(Provided material)

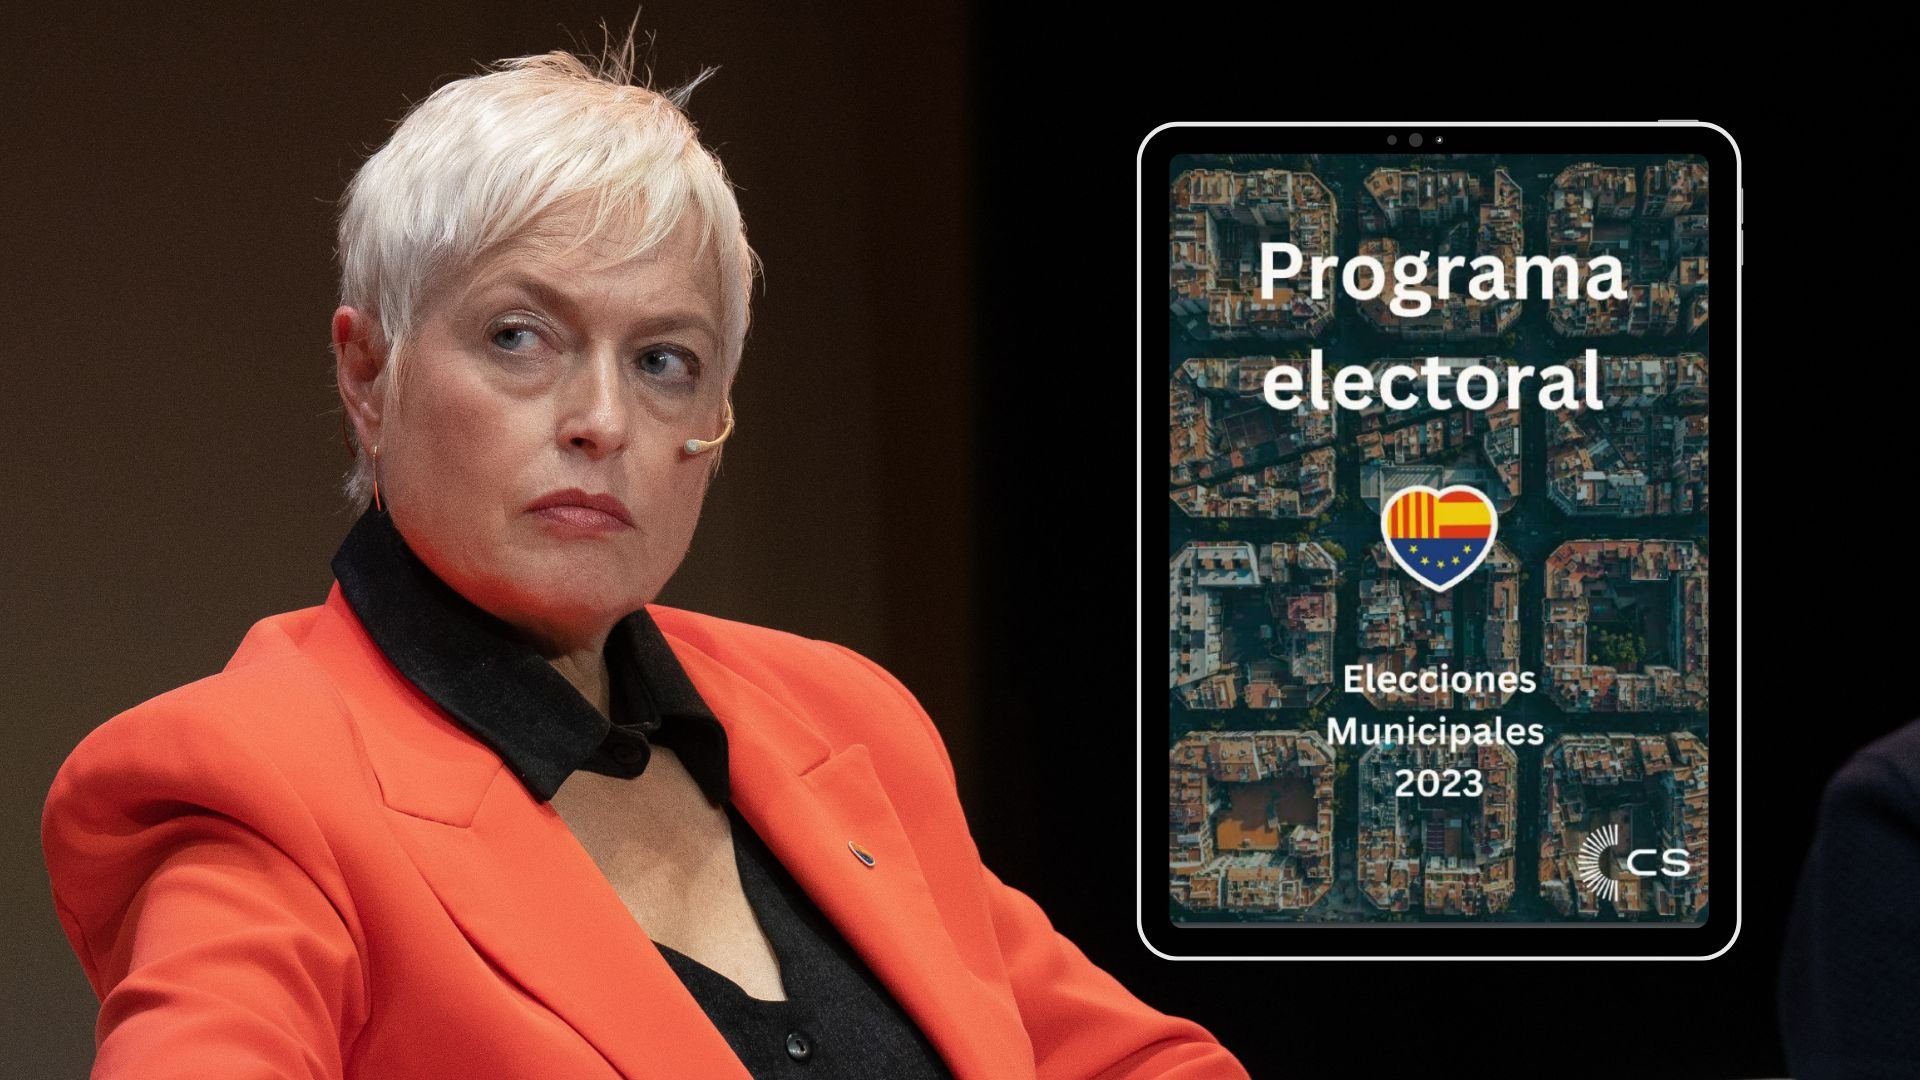 Programa electoral de Ciutadans a Barcelona: Què proposa Anna Grau?
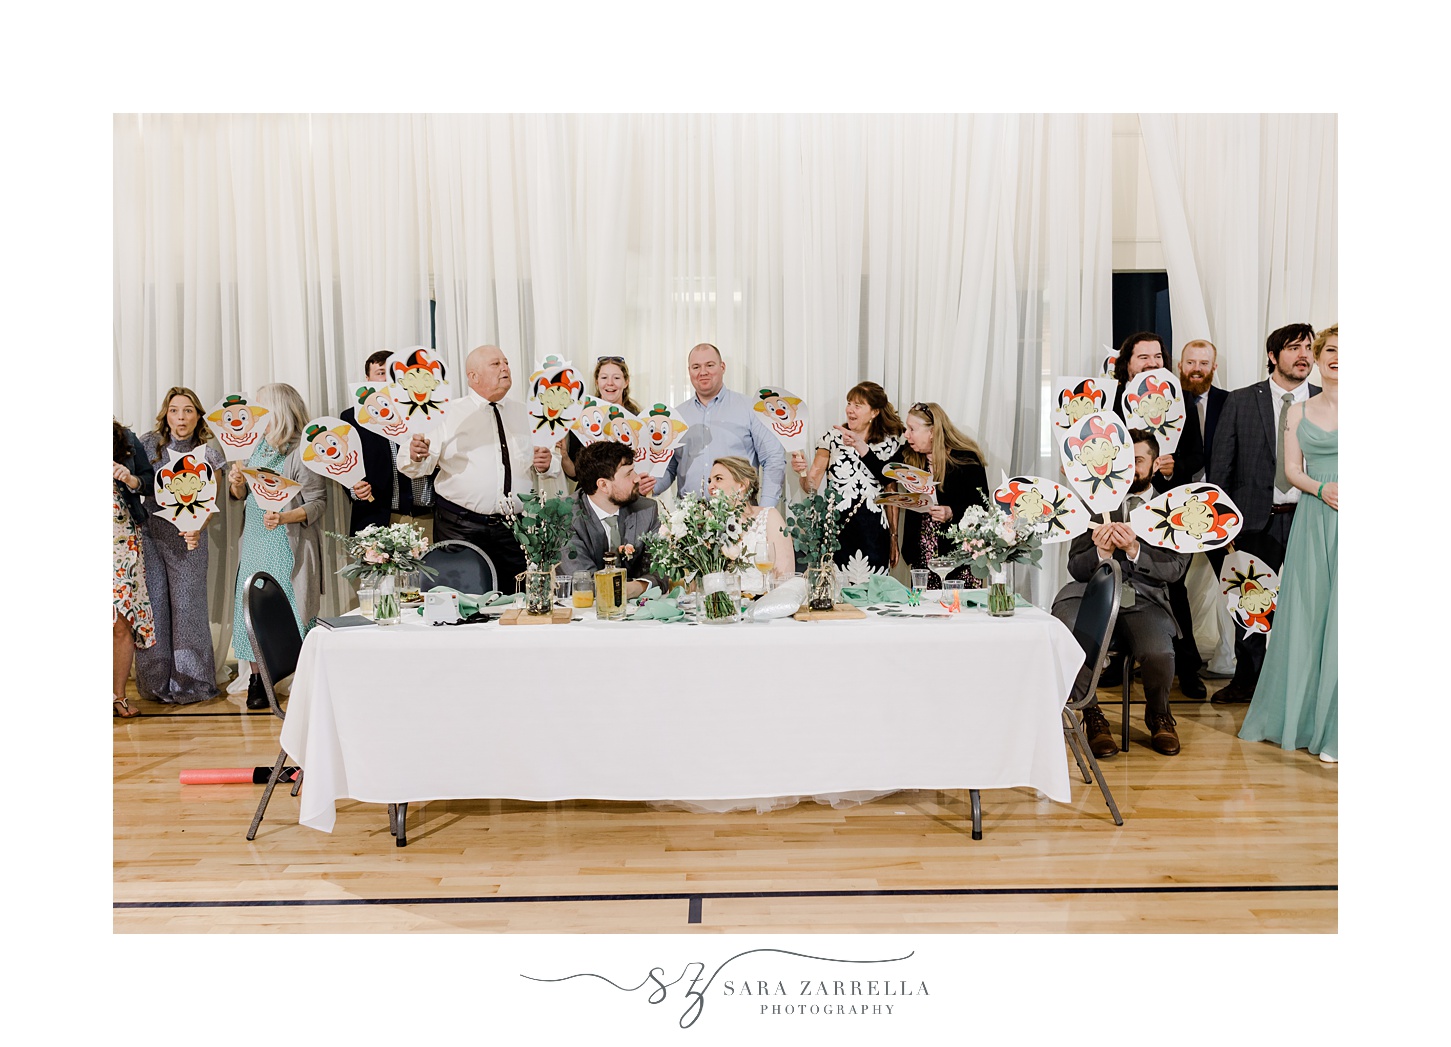 guests pose behind bride and groom holding up joker masks
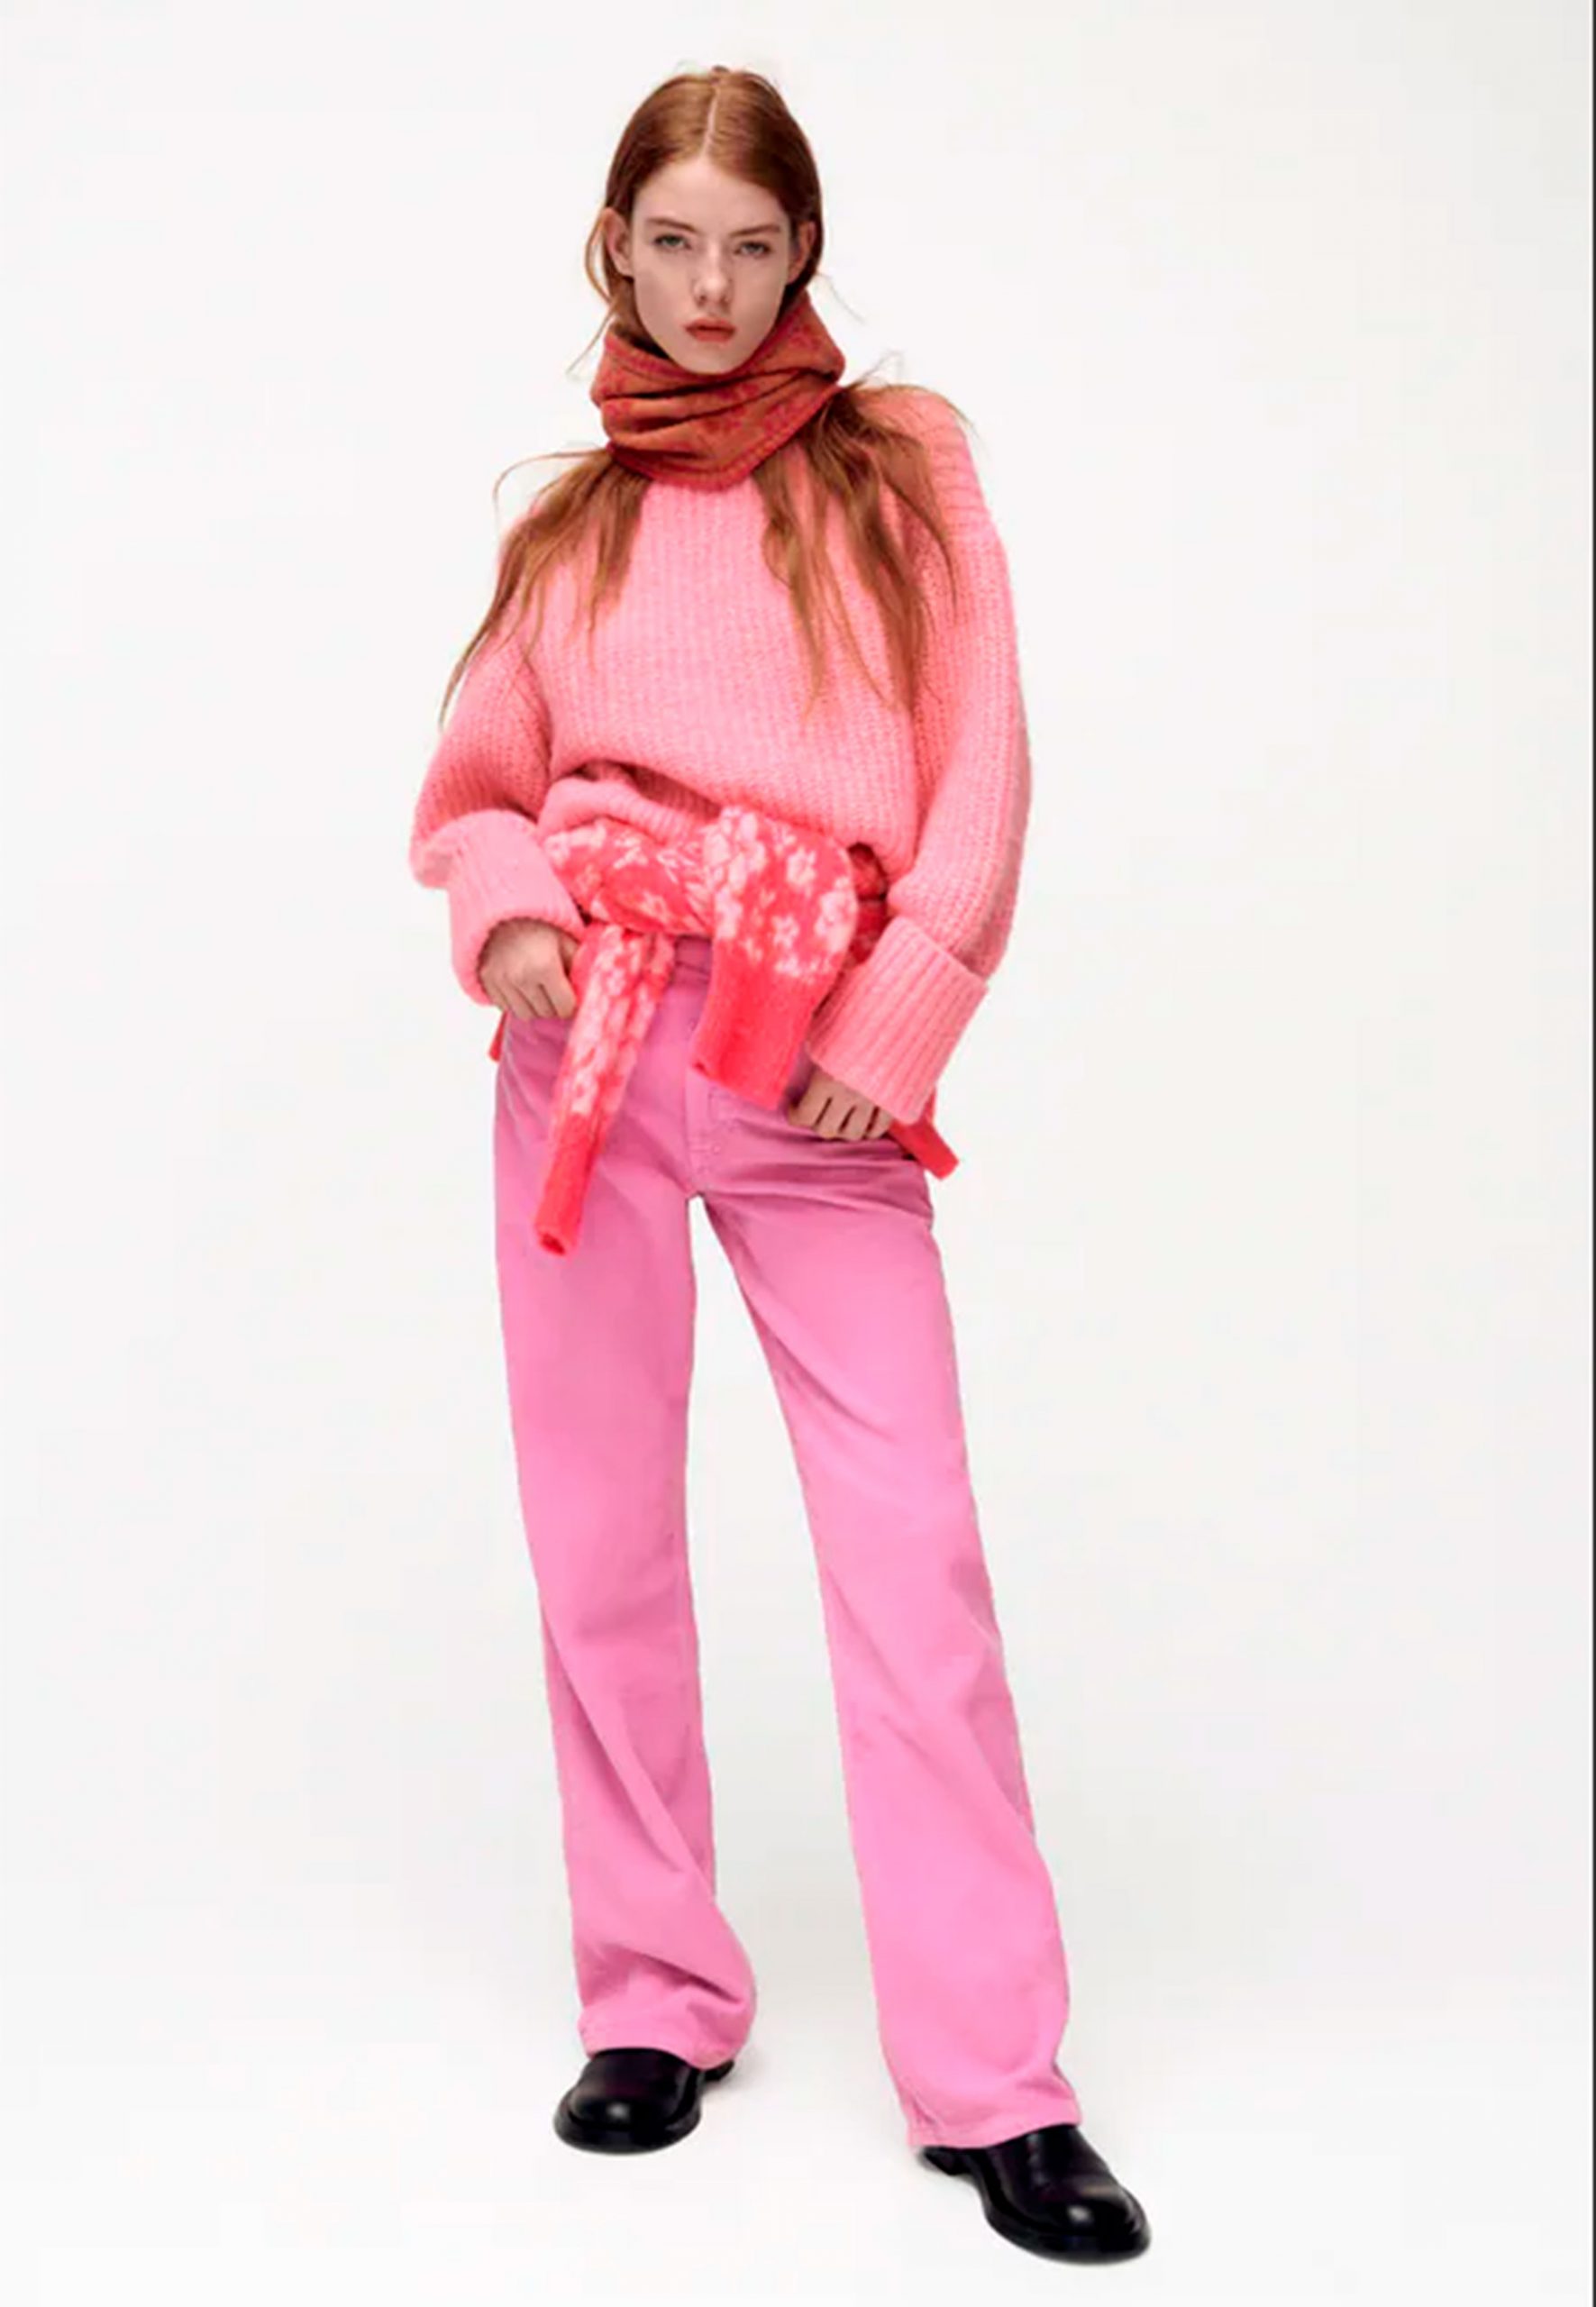 Pantalón rosa de Zara / Zara

(End Provided material)

Task goal:
Your copy of the material above should be exact and free of pictures.

Written solution:
 Programa electoral de Ciutadans a Barcelona: Què proposa Anna Grau?
 guests pose behind bride and groom holding up joker masks
 Pantalón rosa de Zara / Zara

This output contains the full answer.